St Lawrence, Morden (Anglican)


The first stone and brick church on the current site would have been built soon after the Norman Conquest, although it is possible that there was an earlier wooden Anglo-Saxon church. The nearby Merton Abbey was closed down during the Dissolution of the Monasteries, and the estate sold, being acquired by the Garth family. By the 1630s, the Garths were Puritans, and had the church rebuilt in a more Protestant style, i.e. no places for icons or reservation of bread and wine.


The church has a brick outer wall, with a cross on one side of the church and a bell-tower on the other. An English flag often flies from the tower, but was not there on the day I visited.

The inside of the church features plain white walls lined with memorials to various notable figures from the parish’s history. One which stands out in particular is a large coat of arms of Queen Anne on the south wall, with the words “Fear God and Honour the Queen” written above it. The church’s website suggests this may have been installed due to Anne establishing the Church Commissioners, who until recently paid Anglican clergy.

The windows are stained glass, featuring saints such as Saint Thomas Becket and the eponymous Saint Lawrence. The stained glass windows at the front of the church have inscribed into them the Ten Commandments, together with depictions of Moses and Aaron, and are flanked on one side by a large plaque with the Lord’s Prayer written onto it and on the other side by one with the Apostle’s Creed.

An interesting feature is that the ceiling is lined with hatchments, coats of arms of the families of some of the (presumably more well-off) people who had their funerals at the church in the 1700s.


As explained on a notice given out with the service sheet, the church is (at time of writing) in an “interregnum” between rectors, with the previous one having recently retired after more than 20 years.
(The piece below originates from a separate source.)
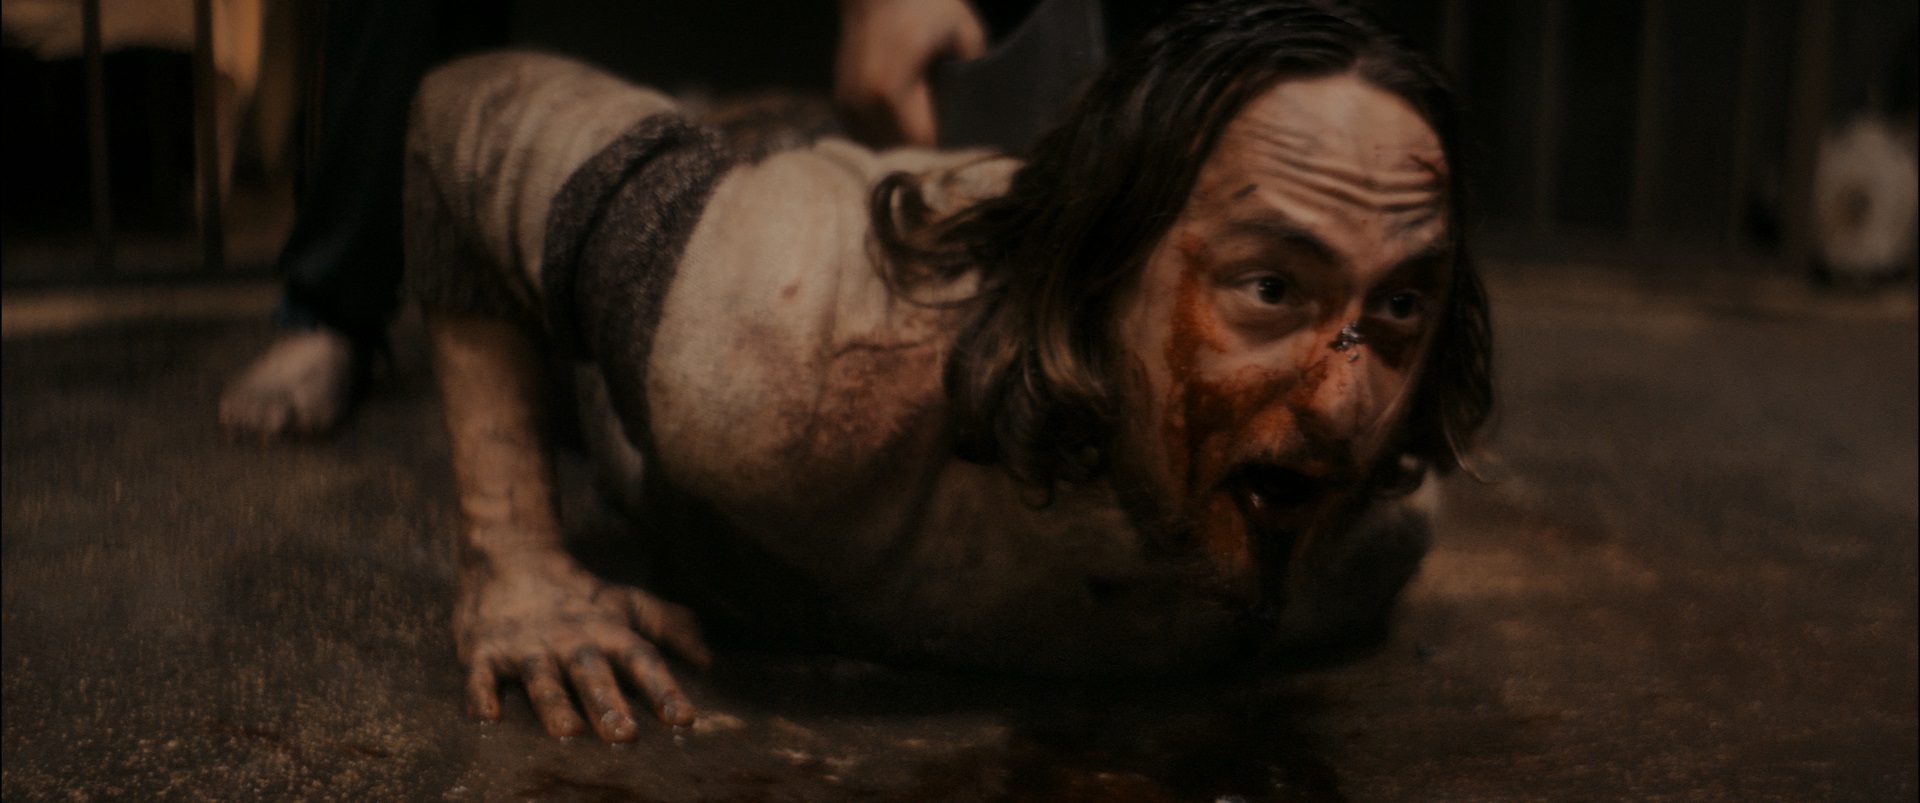 Online il trailer ufficiale di “The Well”, il nuovo, terrificante horror di Federico Zampaglione

The service was therefore taken by (whom I presume was) a layman, who from the front of the church directed the hymns and prayers and gave the sermon. Music for the hymns, and for a piece played before the service while people arrived, was provided by a drummer and a lady on a piano.


The congregation was made up of roughly 35 people, filling less than half of the available places in the pews. This would appear to have been less than usual from a comment made by the man who welcomed me – evidently used to seeing more people in attendance – who joked that “they must all be sunbathing” (the weather being particularly hot that day). There was a good variety of different ages and balance between genders, with several people of ethnic minority as well.


The service started with a hymn, followed by prayers. After another hymn, there were two Bible readings – Galatians 6:7-16 and Luke 10:1-11 and 16-20 – followed after another hymn by the sermon. The readings were taken from the same books as those at the service at Hackbridge All Saints last month, and the semon was on the same topic of faith and works, leading me to assume that said subject is in Anglican lectionaries for this time of year. The sermon was followed by notices and another hymn, and the service ended with more prayers and a final hymn.

The words to hymns were projected onto a slide hanging from the ceiling, and were accompanied by music from a drum kit – some of the congregation even clapped in time to the beat with one of the hymns. This contrasted with the impression given by the sombre memorials and aloof hatchments of the church building to give the service itself a very lively, modern feel.


I had to leave soon after the service finished due to prior arrangements, but I saw most of the members of the congregation leave through a door at the back of the church towards a parish hall, where I had been told coffees would be served after the service.